If you’re hoping Tesla would help lead the future for flying cars, don’t hold your breath.
During his interview at the TED 2017 Conference in Vancouver, Tesla CEO Elon Musk knocked the idea completely, telling interviewer Chris Anderson that he’s “in favor of flying things” but not so much of the car variety, Inverse reported.
“There is a challenge with flying cars in that they’ll be quite noisy, the wind-force generated will be very high … Let’s just say that if something’s flying over your head, if there are a whole bunch of flying cars all over the place, that is not an anxiety-reducing situation,” Musk said.
“You don’t think to yourself, ‘Well, I feel better about today,’” Musk continued. “You’re thinking, ‘Did they service their hubcap? Or is it going to come off and guillotine me as they’re flying past?’”
Musk’s anxiety-inducing hubcap guillotine hypothetical appears to be an anti-flying car talking point of his, as Inverse cited another go at the joke in Bloomberg from February:
“Obviously, I like flying things,” he says. “But it’s difficult to imagine the flying car becoming a scalable solution.” As long as the laws of physics hold, he explains, any flying car will need to generate a lot of downward force to stop it from falling out of the sky, which means wind and noise for those on the ground, not to mention debris from midair fender-benders. “If somebody doesn’t maintain their flying car, it could drop a hubcap and guillotine you,” he says. “Your anxiety level will not decrease as a result of things that weigh a lot buzzing around your head.”

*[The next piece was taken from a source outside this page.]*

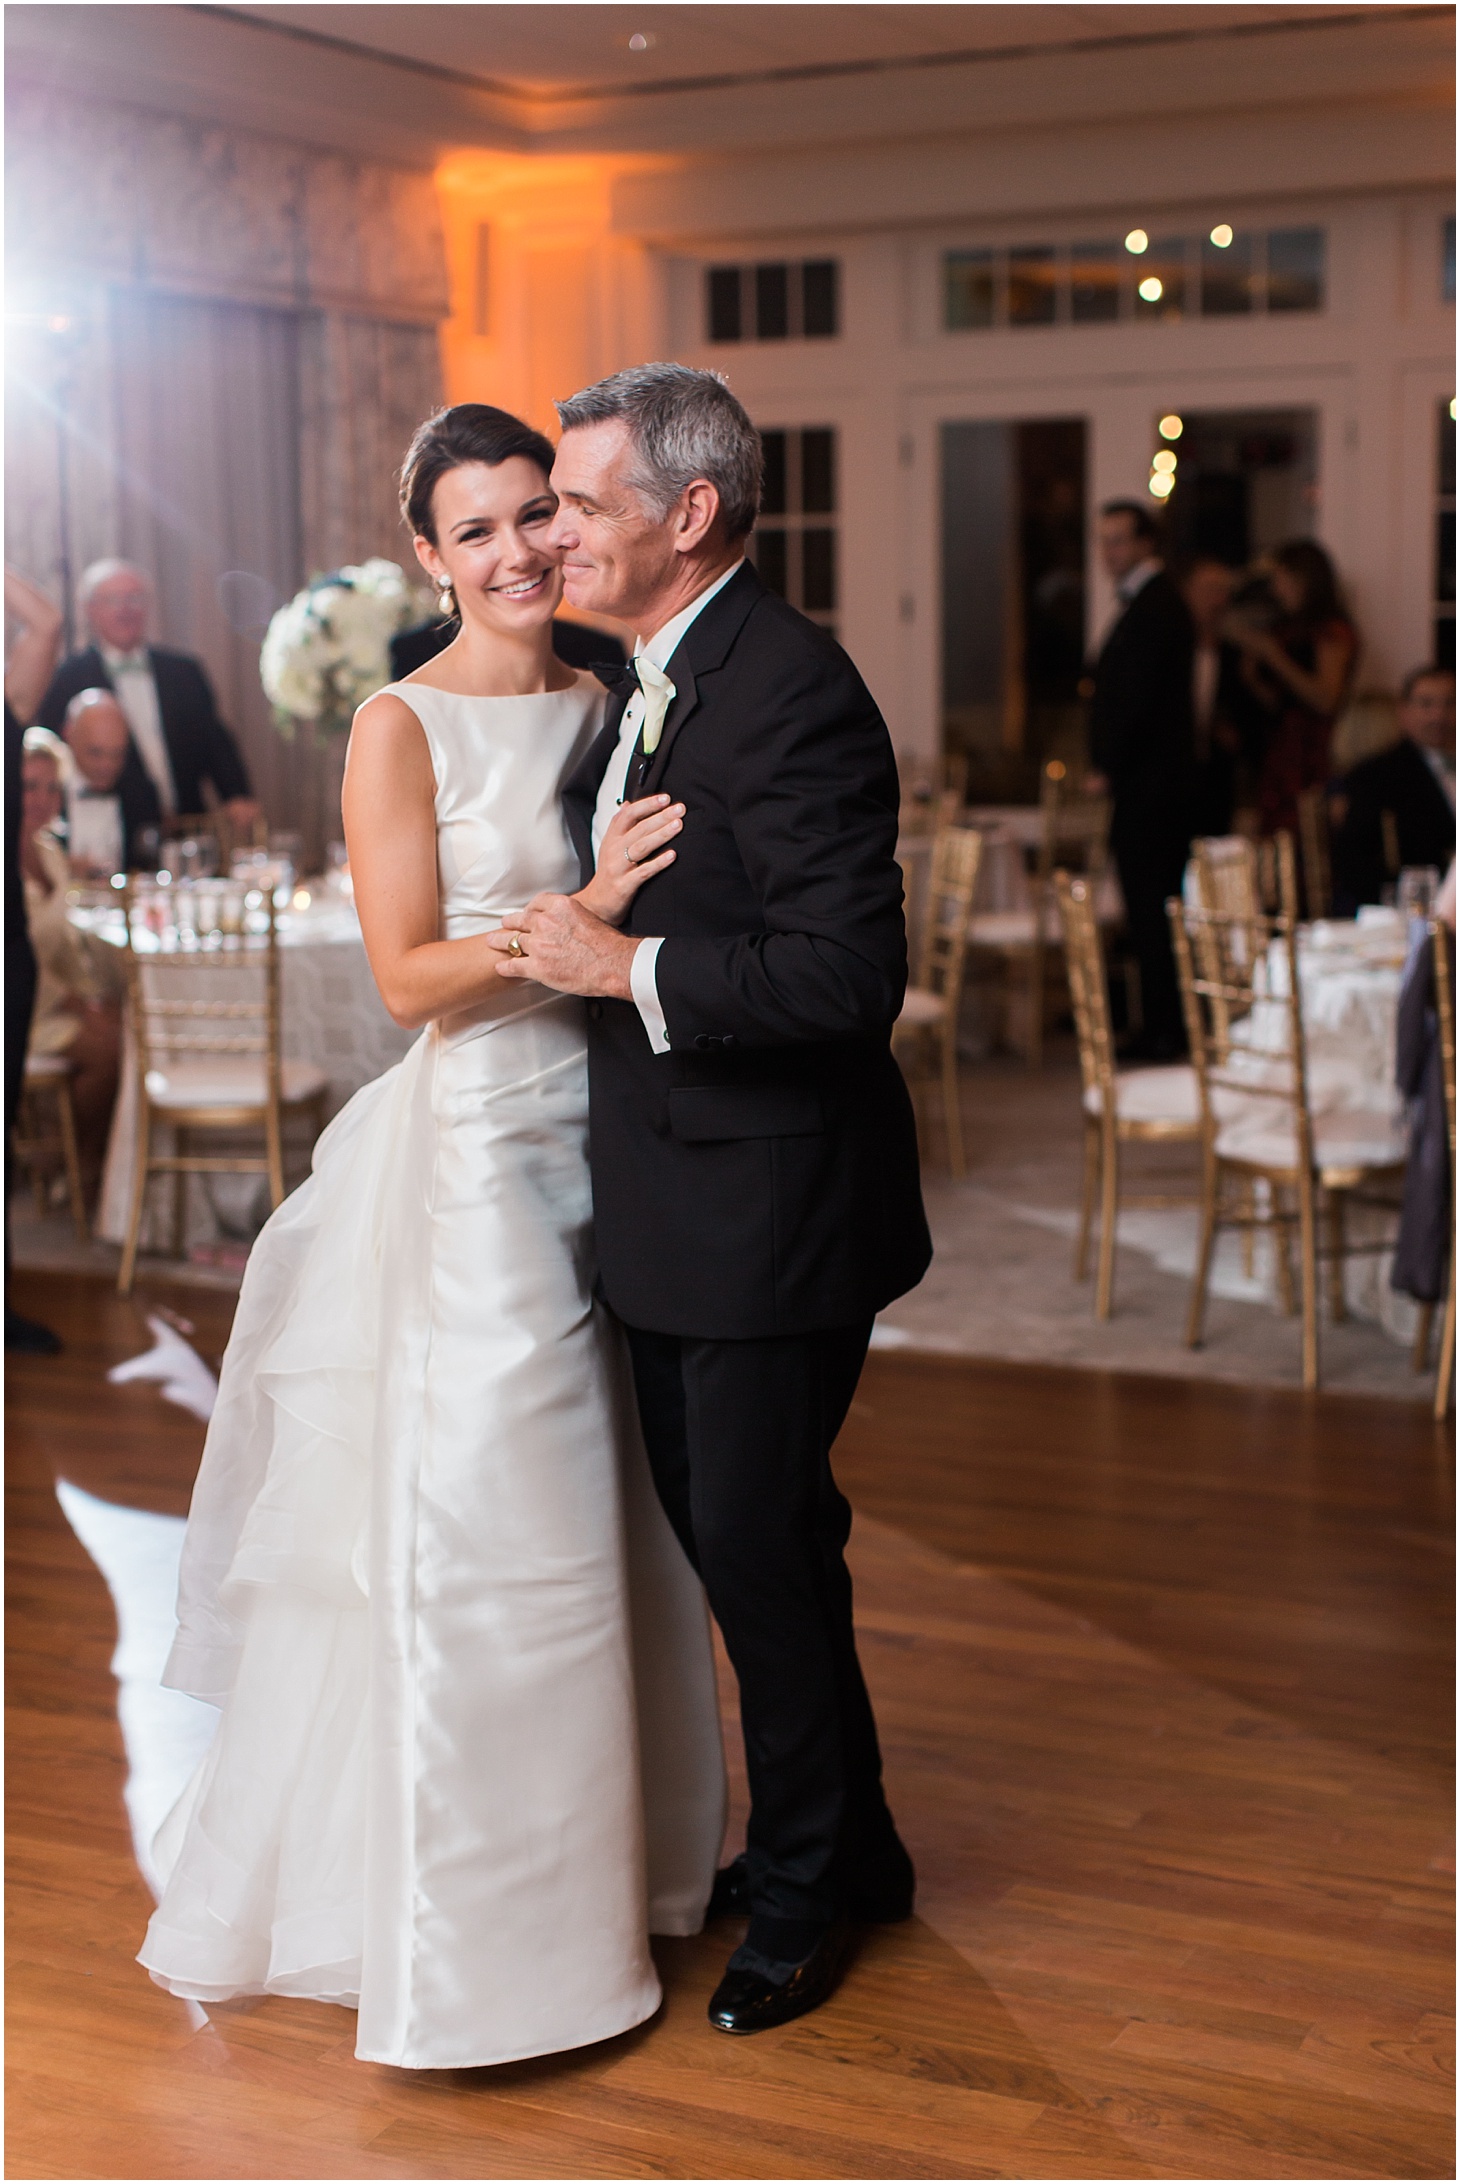 Father-Daughter Dance at Wedding Reception at Columbia Country Club | Wedding Ceremony at Cathedral of St. Matthew the Apostle | Classy October Wedding in Washington, D.C. | Sarah Bradshaw Photography

Musk’s criticism at the conference came days after the “Uber Elevate Summit,” the first-ever flying car conference hosted by Uber. The ride-hailing and driverless car-testing giant predicted it would be testing out its “commuter aircraft” by 2020.

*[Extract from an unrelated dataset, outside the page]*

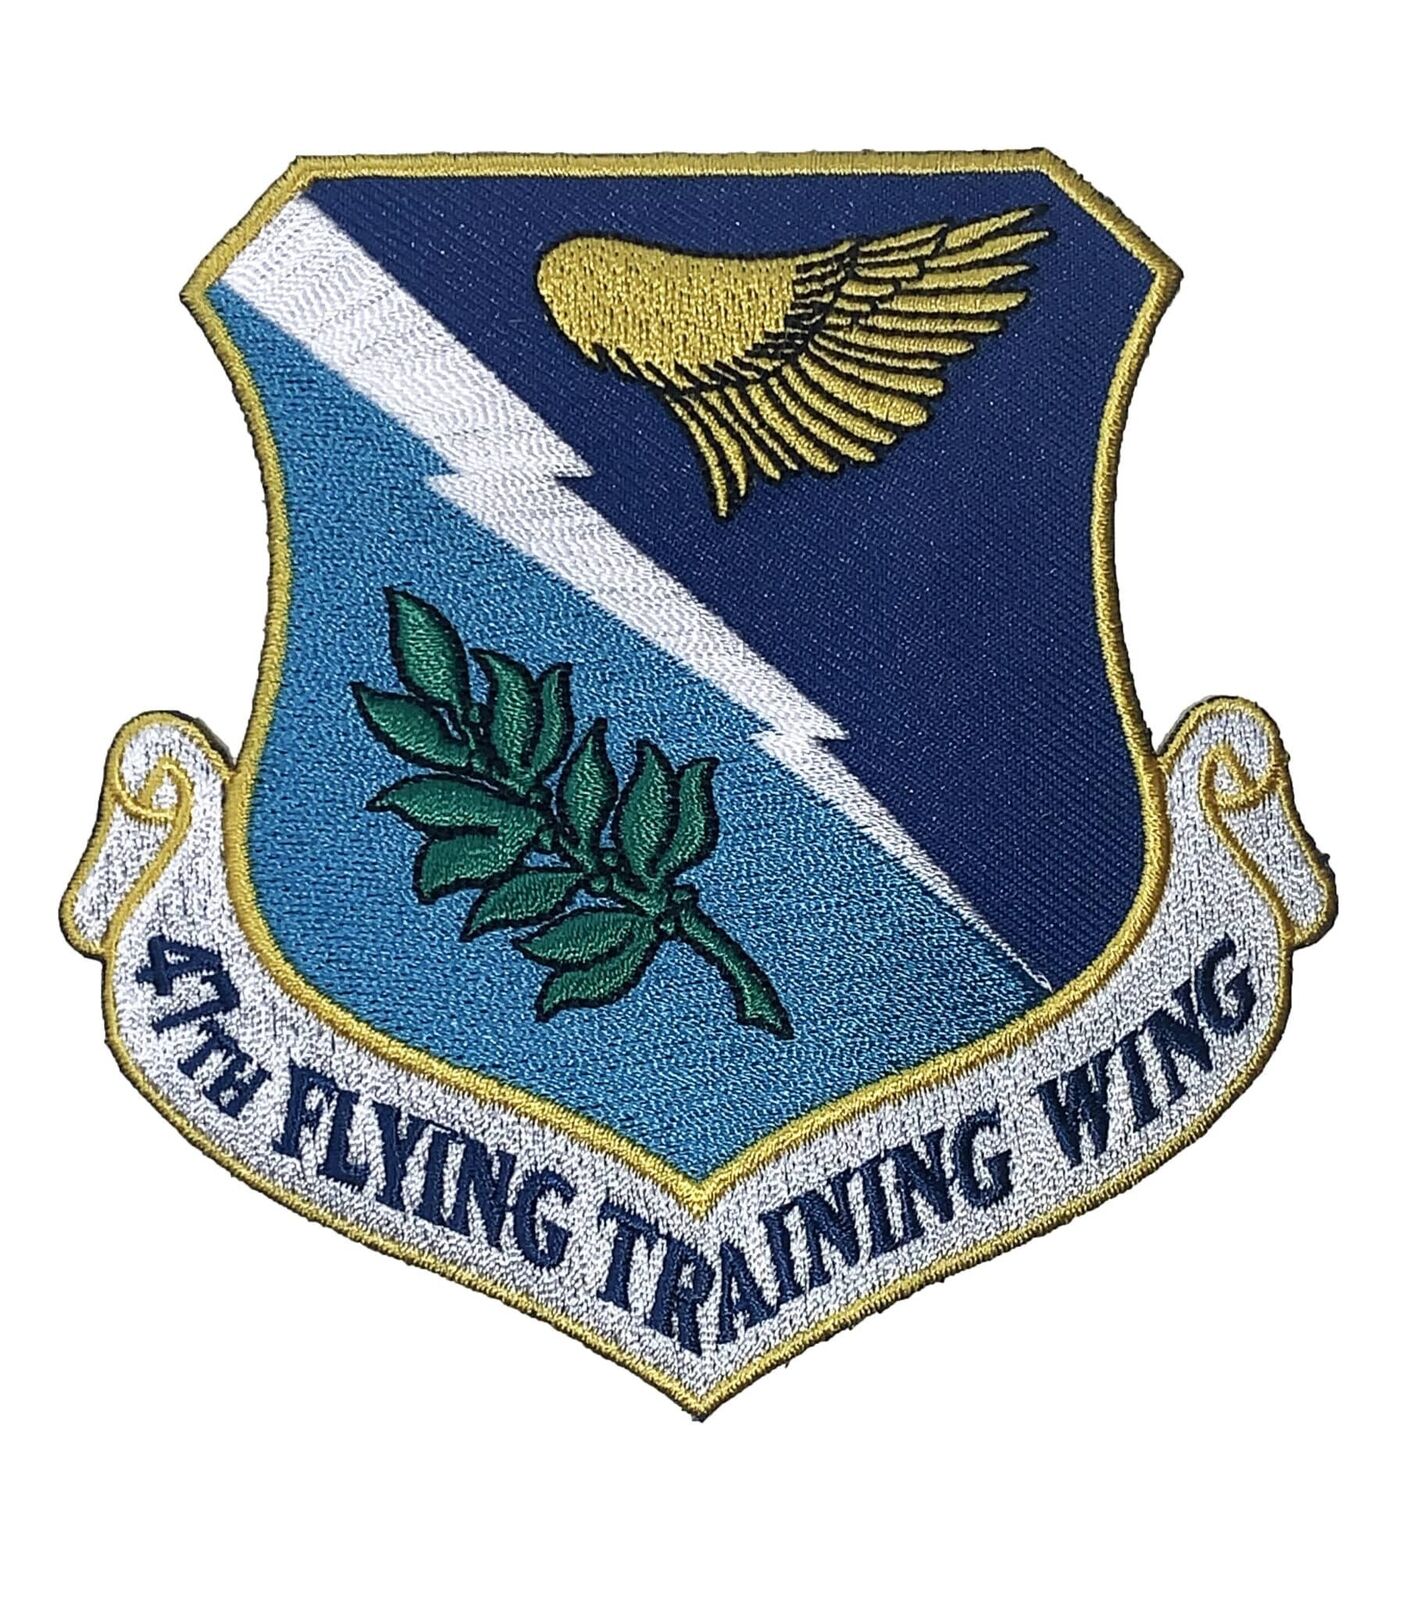 47th Flying Training Wing Patch – Plastic Backing

The flying car diss also reflects the war between Tesla and Uber—Inverse reported in October that Musk equated Uber’s falling reputation with consumers to a case of “the people vs. Uber.”
But even if we don’t see Musk on some sort of standards board for flying cars in the future, at least we can looking forward to his idea for an underground tunnel network in Los Angeles. According to Musk, drivers could avoid “soul-destroying” traffic by driving atop trolley-like devices before being carried underground and resurfacing at access points, at which the next car could take the same device back underground.
Yes, yes—it certainly sounds like a subway for cars. But given that L.A.’s existing subway line is nearly invisible to Angelenos, maybe Musk’s idea isn’t too far-fetched.